Tom Tugendhat is a Conservative member of Parliament in Britain and a distinguished fellow at the Hudson Institute.
Vienna’s Hofburg palace has staged empires, romance and shame. Its halls have echoed with waltzes as ambassadors danced with countesses to secure treaties and pit national aspirations against imperial ambition before becoming witness to one of history’s darkest turns: From its balcony, Adolf Hitler proclaimed the Anschluss, the annexation of Austria.
Today, the complex is dedicated to peace, with the Organization for Security and Co-operation in Europe now based in the palace. But the group set up to help the free world talk to the communist bloc failed to prevent the invasion of Ukraine.
Politics is failing to bring peace where business may have a chance. The overlap between the two was the theme of the annual Global Peter Drucker Forum held at the Hofburg this month, pointing out that business isn’t neutral — it shapes the world and responds to needs by coordinating demands and supply. Conviction — serving the needs of society, not preaching the latest fad — has been a key driver of growth for centuries.
Drucker, the father of modern management theory, recognized this in his 1946 classic, “Concept of the Corporation.” Using General Motors as an example, he showed a company to be not merely a machine for profit but a social institution — an organism, not just an organization. He showed that finance and marketing interacted at GM, and divisions such as Chevrolet and Cadillac needed rivalry and friction, along with interdependence and adaptability, but most of all they needed to be built on purpose, not just an imagined efficiency.
A student of law and political philosophy in interwar Europe, Drucker was deeply influenced by the Austrian intellectuals of his youth, including the Nobel Prize-winning economist Friedrich Hayek. Both men shared a skepticism toward centralized authority and a belief in the vitality of institutions that harness individual initiative within ethical and legal bounds. Where Hayek saw markets as the way society could bring every citizen’s individual perspective into a common understanding, Drucker saw management as the moral practice that made such coordination humane and productive.
In both cases, this is business as politics. Not in today’s slogans — such as the environmental, social and governance (ESG) mantra used to virtue-signal while shunning essential industries that need carbon energy, or make arms that help nations defend their citizens — but in the older, deeper sense of politics as the way we govern ourselves, shape the norms of our society and share responsibility and reward. In that, Drucker and Hayek were drawing from an earlier tradition: the Quaker philosophy.
Families such as the Barclays, Lloyds and Cadburys understood commerce as venture grounded in a religious sense of stewardship and social duty: honesty in trade, decency in labor, and the conviction that profit without purpose was empty.
Quaker banks became the foundation of British finance because they were willing to look at each loan on its merit, viewing trust as the expression of moral consistency that all were created equal. They were not swayed by rank or title but supported those working to advance society.
Their politics was implicit but transformative: liberal and reforming, and funding the massive increase in business activity in 19th-century Britain. They demonstrated that profit-driven capital could serve conscience as well as commerce.
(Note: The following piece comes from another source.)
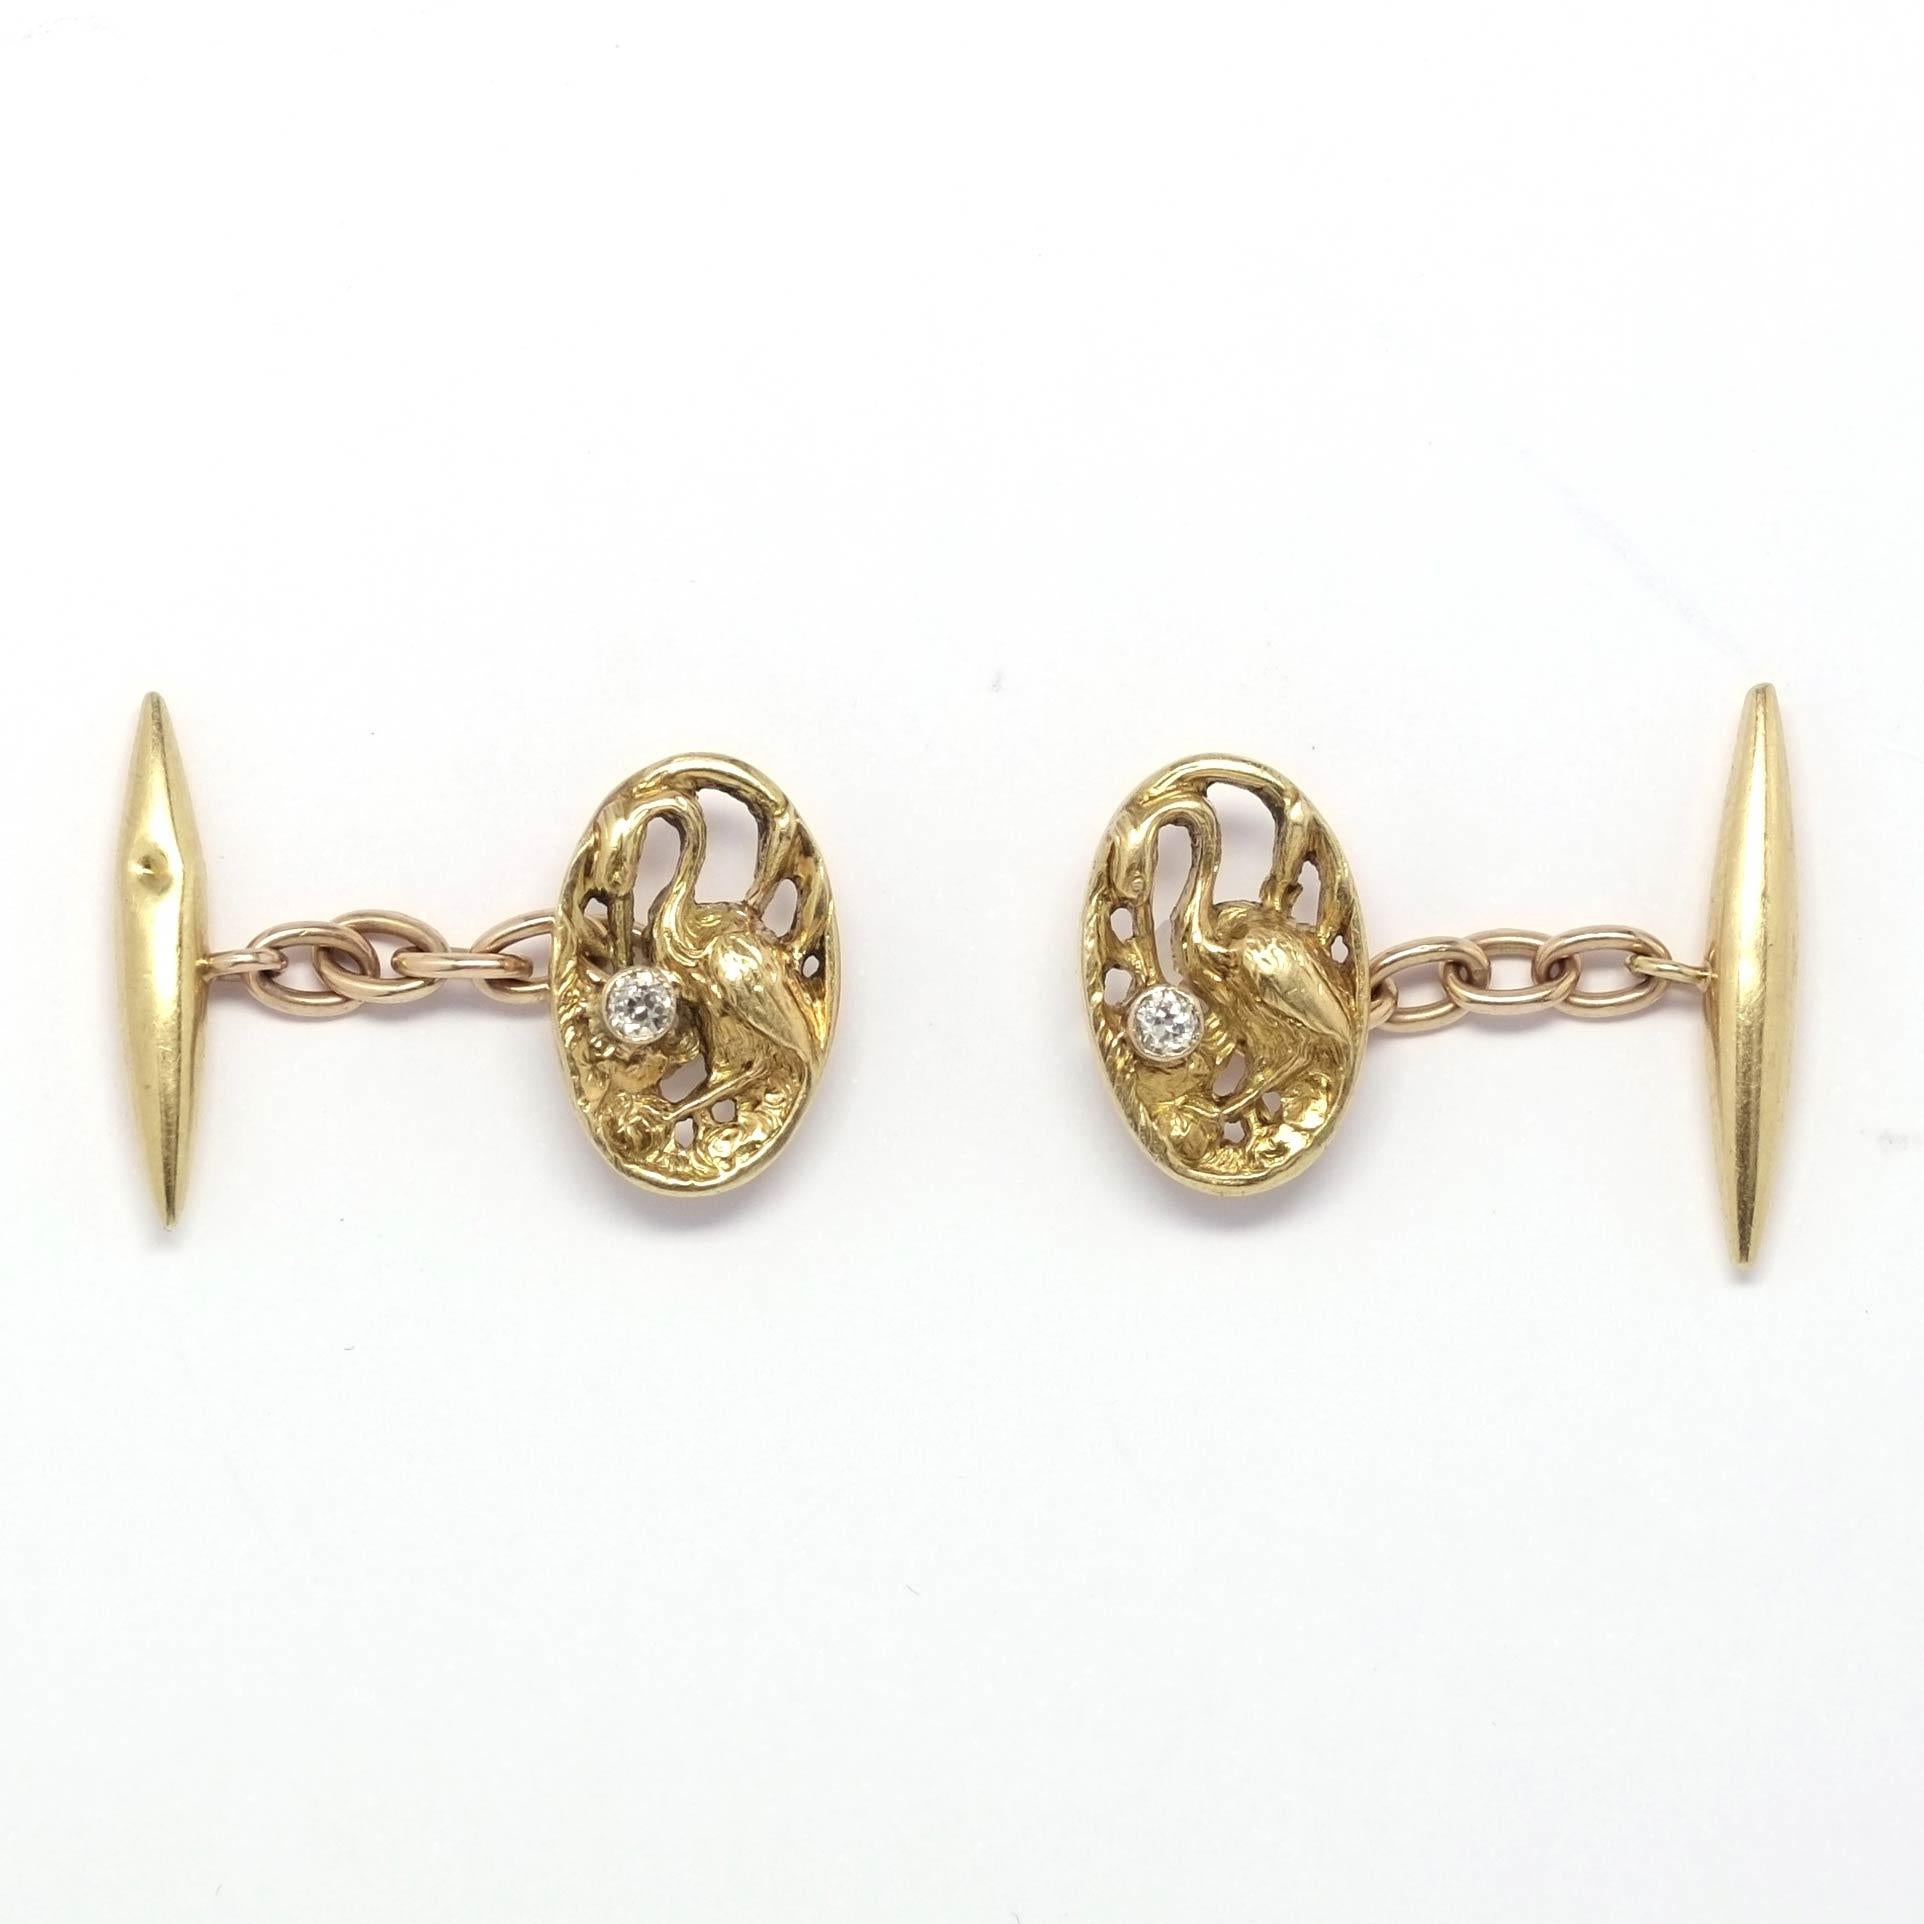 Art Nouveau cufflinks in 18ct yellow gold with round-cut diamonds. This jewel is a miniature sculpture created through the artisanal goldsmithing technique called “lost wax”. According to the essence of Art Nouveau, the luxuriance of flora and fauna

The financiers were not alone. Thomas Cook created what became Britain’s largest travel company in 1841 based on the simple idea that men should not spend their money on alcohol but save what they would have spent on beer to pay for a family trip to the seaside. Cook’s new savings plan linked mobility to moral reform, bringing improving air to those tempted by the gin-fueled pubs of the cities’ dark, satanic mills.
Within a few decades of that first day-trip train to the coast, there were journeys down the Nile or to India. Cook’s driving commitment to temperance, tempered by his religious ethos and business mind, created an entire industry: tourism. Prohibition, the political alternative, created crime.
In Austria, bankers took up many of these principles. The precursor to the Erste Group, now one of the largest banks in Eastern Europe, was founded by, among others, a priest in 1819, and set out a charter that declared: “No age, no gender, no social standing, no nation shall be excluded from the benefits that the savings bank offers every depositor.”
These financiers and industrialists understood that business is built on both social purpose and responsible governance. Today, those values are lived in some and contrast with the emptiness of others.
What is environmental about moving jobs from clean-energy Europe to coal-burning China? Or social about refusing to invest in weapons to protect Ukrainians from rape and murder? Or how does a partnership with companies using forced labor in China’s Xinjiang region accord with any respectable principles of governance? Business as pantomime has left many cold, particularly when others show you can do well by doing good.
Employing families, defending allies and creating opportunity are the politics of business. As states and societies, through the quiet cooperation of individuals organized together in business, we find more fluid answers to the challenges we face every day. Without the posturing of politics, the politics of business, rightly understood, is the politics of peace.